Reading this makes me realize more and more that these tools like Mort just do not get it when it comes to the draft...
Q: Have your free agent losses this offseason changed your thought process at all in terms of drafting where you might have drafted something else?
BB: No, I don't think so. I don't think you can do it that way. I really don't. You can't create players. You have to draft the board based on what your options are and as soon as you start taking players truly based on need, if they can't fill that need, then you have to come back the next year or the next pick and you're drafting again for the same spot and you haven't filled anything other than putting a name on a piece of cardboard and putting it up on the depth chart.
You really don't have anything if the player can't fulfill that expectation or that role that you think you drafted him for. I think you're a lot better off drafting players that can perform on your team in a role that you need or in a role that gives some value to the team. Sometimes players aren't there at the position you want them, but you can't manufacture them. You just have to take the player that helps your team the most at that point, even if it's at a position that may not be necessarily the top need.

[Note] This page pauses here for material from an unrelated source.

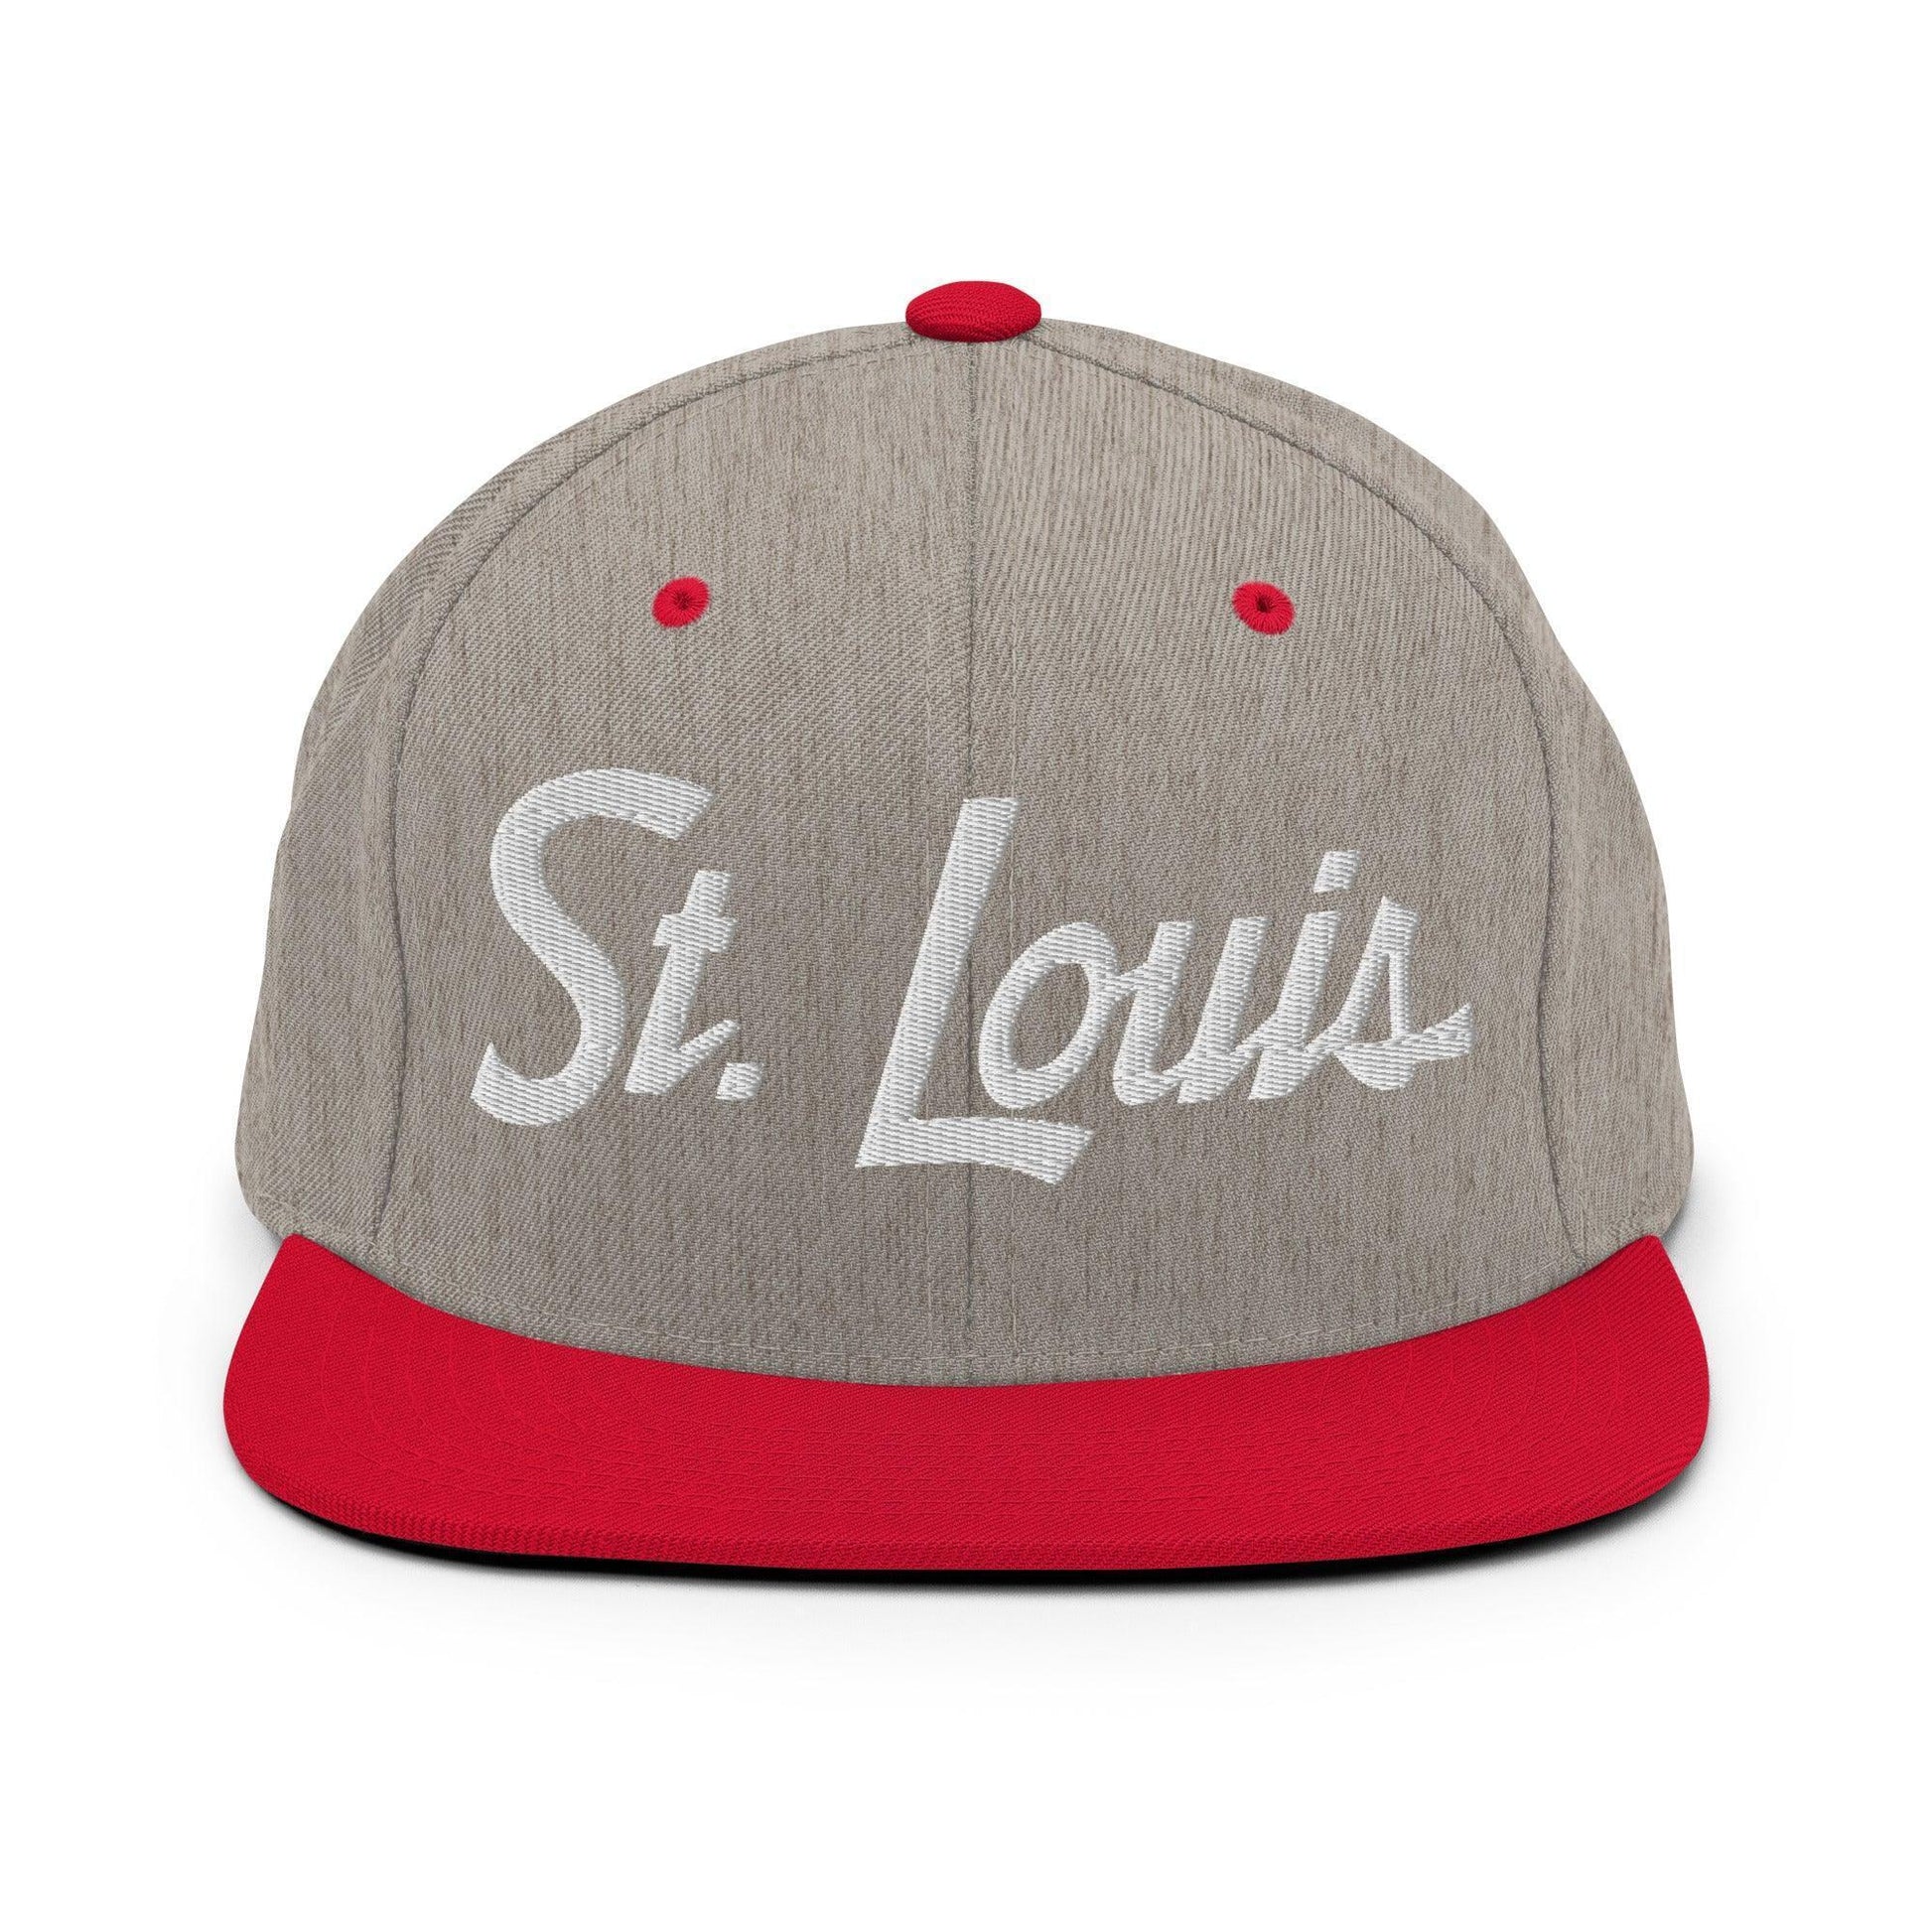 St. Louis Script Snapback Hat Heather Grey/ Red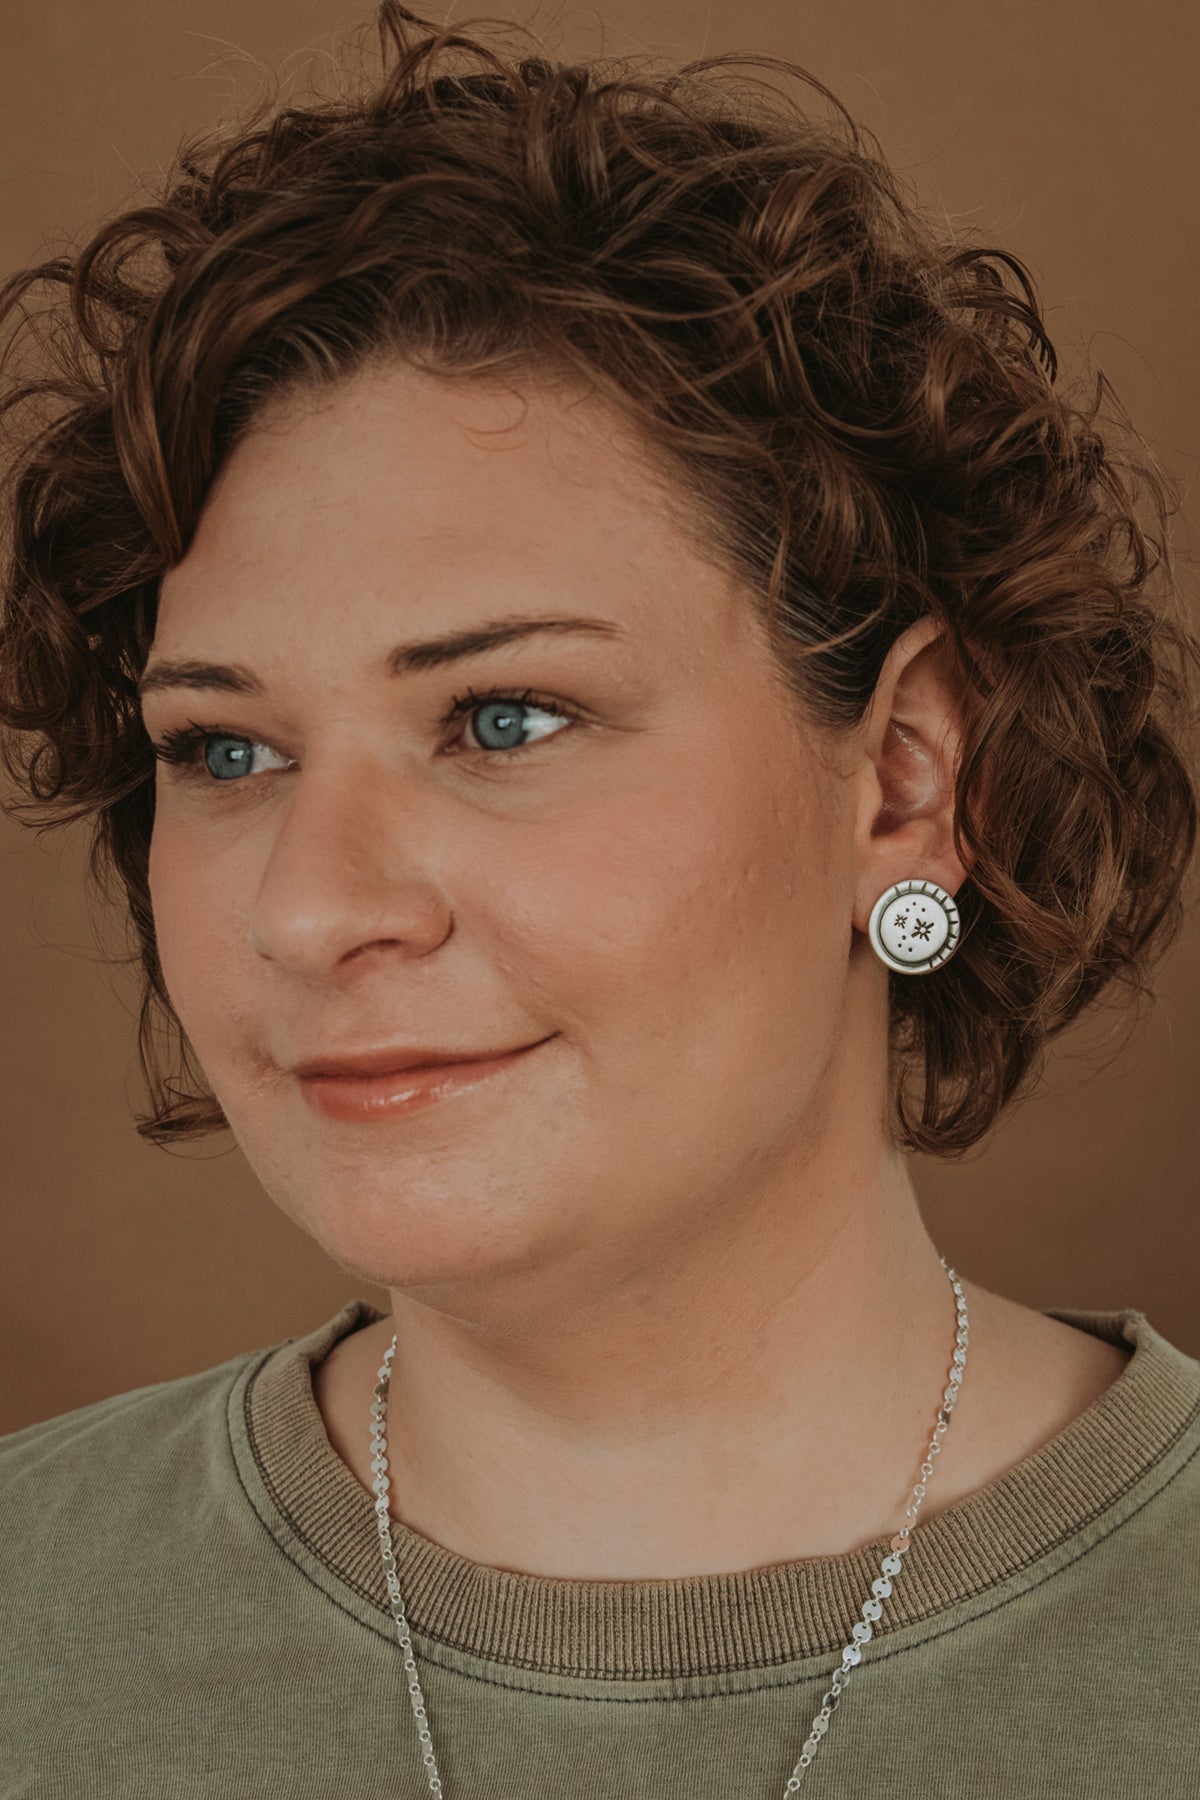 Cosmic Stud Earrings - MADE TO ORDER - Third Hand Silversmith handmade jewelry, Bozeman, Montana

Again, to go back to when I was with the Giants. We drafted Lawrence Taylor and we had Lawrence Taylor and Brad VanPelt and we took Carl Banks and nobody liked that pick. That was a pretty stupid pick, why would you take Banks when you have VanPelt and Taylor? It turned out to be probably one of our best picks at the Giants.
I think you have to take guys that you think are good football players. Putting the team together that's certainly a process you have to go through. But to try to manufacture somebody, 'We need this position,' and then take a guy and he doesn't end up being able to do the job, then you still need that position.